Если соотносимые фрагменты текста велики, совпадают с границами главы или части, то его построение уже не может быть определено как монтажное — оно выходит за пределы максимальных ограничений «сверху». Однако в некоторых случаях разные части произведения могут быть большими, но контрастными по отношению друг к другу, а «стыки» между ними так или иначе подчеркнуты, даны как выделенные элементы. В таких случаях я полагаю, что композиция все же функционально аналогична монтажному построению. Примеры таких произведений с обширными частями, которые разделены выделенными стыками, — романы М. А. Булгакова «Мастер и Маргарита» (1929–1940) или Д. Митчелла «Облачный атлас» («Cloud Atlas», 2004).

В качестве «минимальных» единиц монтажа могут выступать отдельные слова — когда, например, автор нарочито меняет словоразделы, как это происходит в палиндромах, омограммах, панторифмах, каламбурных рифмах. Как известно, подобные приемы использовались еще в древности, в российской же поэзии стали восприниматься как актуальный прием и получили особое распространение в 1850–1860-х годах — ср., например, каламбурные рифмы Дмитрия Минаева: «В ресторане ел суп сидя я, / Суп был сладок, как субсидия…» («В ресторане ел суп сидя я…», 1865[19]) — или Василия Курочкина: «…Или искать красоту в безобразии / Азии…» («Я не поэт — и, не связанный узами…», 1859[20]). Однако в 1910–1920-х годах возникает вторичное осмысление этого приема как особого рода микромонтажа — после того как формируется «обычная» монтажная эстетика.

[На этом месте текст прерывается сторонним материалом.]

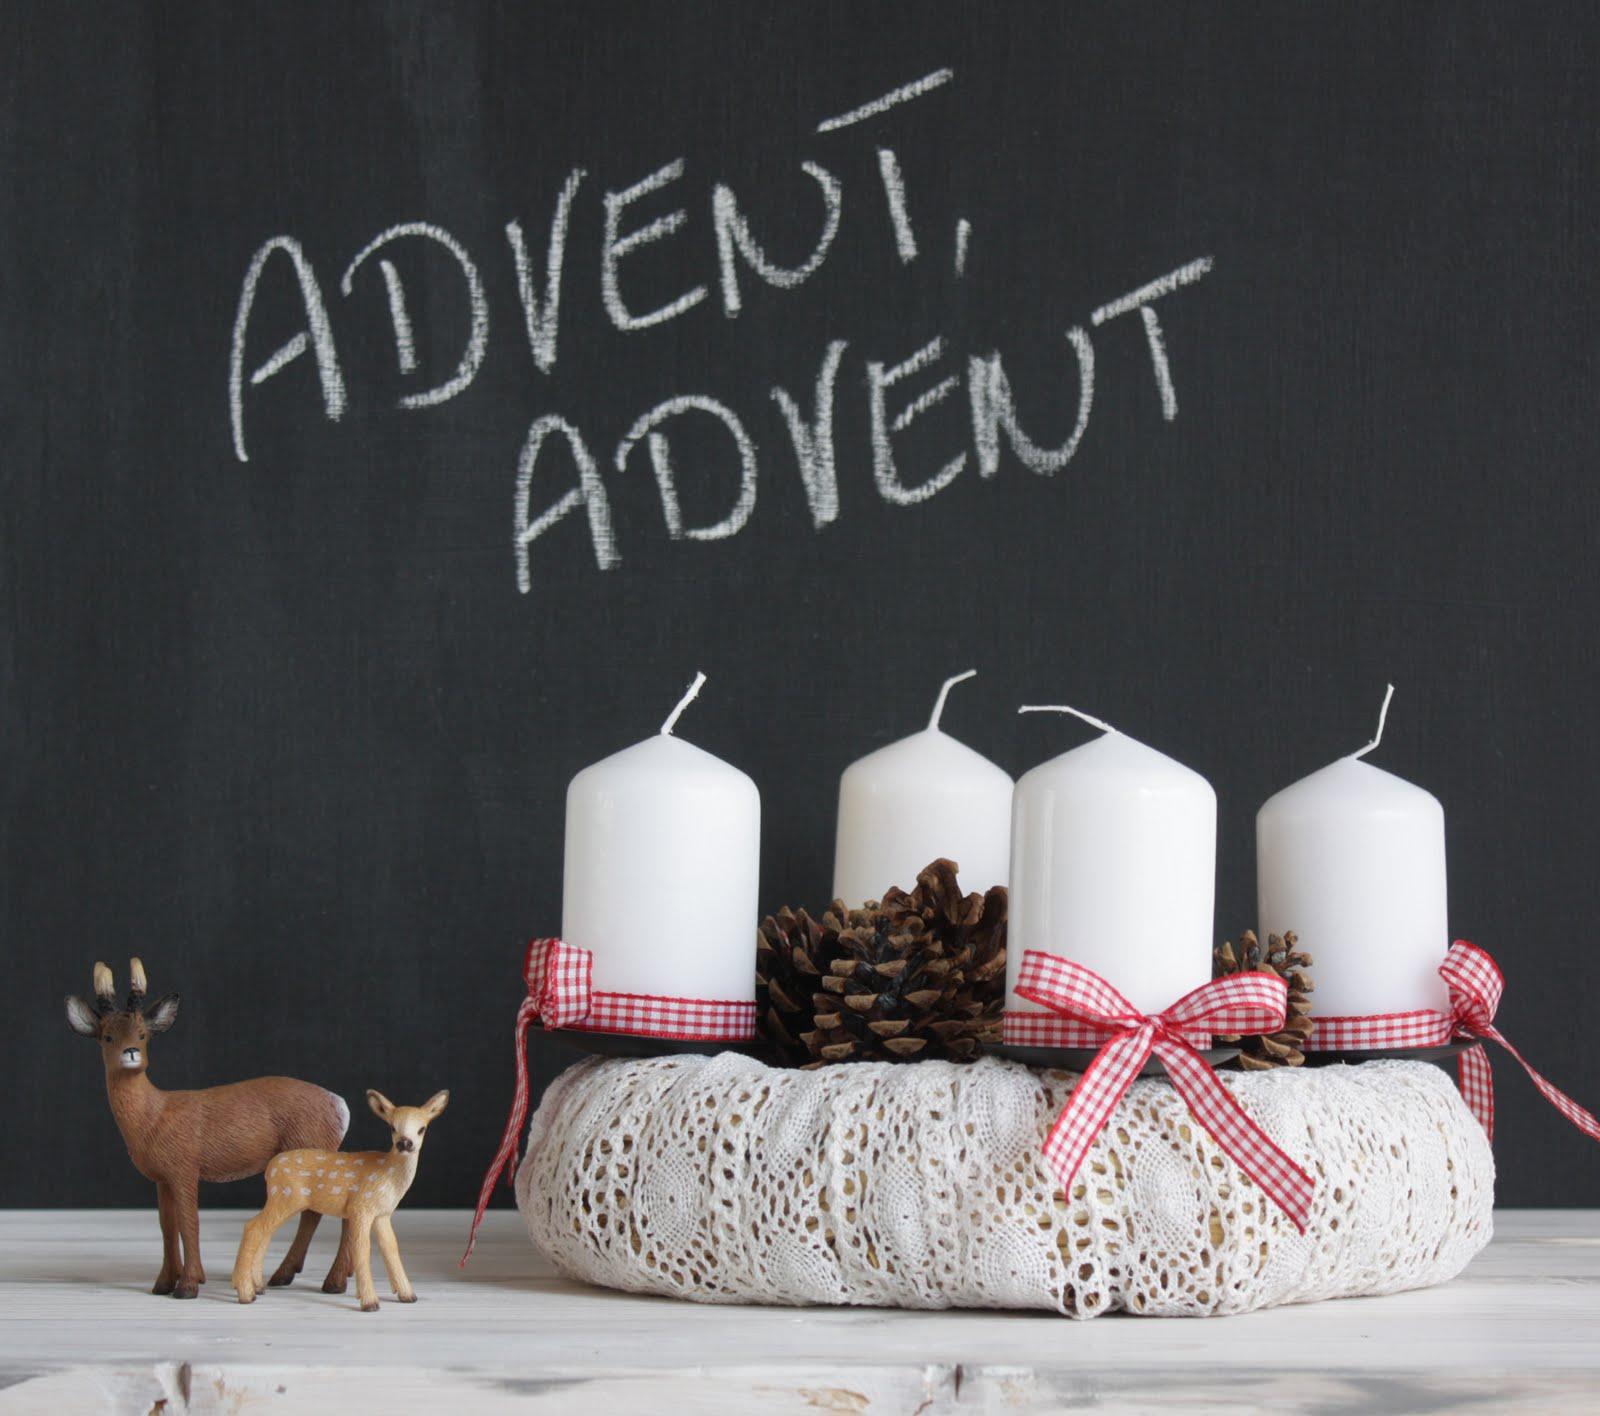 raumdinge advent advent. Black Bedroom Furniture Sets. Home Design Ideas

Такое переосмысление произвел Алексей Крученых в своих эссе «Сдвигология русского стиха» (1922) и «Фактура слова» (1923). Несмотря на окончание «-логия» и использование научного термина «фактура», научными эти эссе не были, хотя, судя по лексике и концептуальным ходам, испытали влияние формалистского (Осип Брик) и околоформалистского (Сергей Бобров) научного стиховедения[21]. В своих работах Крученых предлагает воспринимать один и тот же звуковой комплекс в стихе одновременно в двух режимах: обычном и «сдвинутом». Например, строку из стихотворения Сергея Рафаловича (1875–1944) «Расколотое зеркало» — «Сплетя хулу с осанною…» — Крученых переписывает как «сплетяху лу сосанною» и потом интерпретирует значение каждого из этих слов: «сплетяху», по его мнению, — это церковнославянский глагол, «Лу» — сокращение имени Лулу, а «сосанною» — то ли имя собственное, то ли производное от глагола «сосать»[22]. Из-за этих фонетических манипуляций словораздел у Крученых становится эстетически выделенным, подчеркнутым элементом стиха, в отличие от «традиционных» игр в духе поэтов «Искры», где внимание читателя сосредоточено не на словоразделе, а на неожиданном словесном составе самого каламбура (у Минаева: «суп сидя я — субсидия», «курбеты — [не] Курбе ты»).

Эссе («трахтаты») Крученых могут быть рассмотрены как манифесты наиболее радикального направления в тогдашнем поэтическом авангарде, использующего в качестве одного из методов микромонтаж на фонетическом уровне. Ср. также ранние эксперименты Александра Введенского, вероятно, знакомого с крученыховской идеей «сдвигологии»:

супруг с супругоЮ в кроватиона замужемАОННА               вате          («Парша на отмели», 1921–1923[23])(«АОННА вате» — «а он на вате».)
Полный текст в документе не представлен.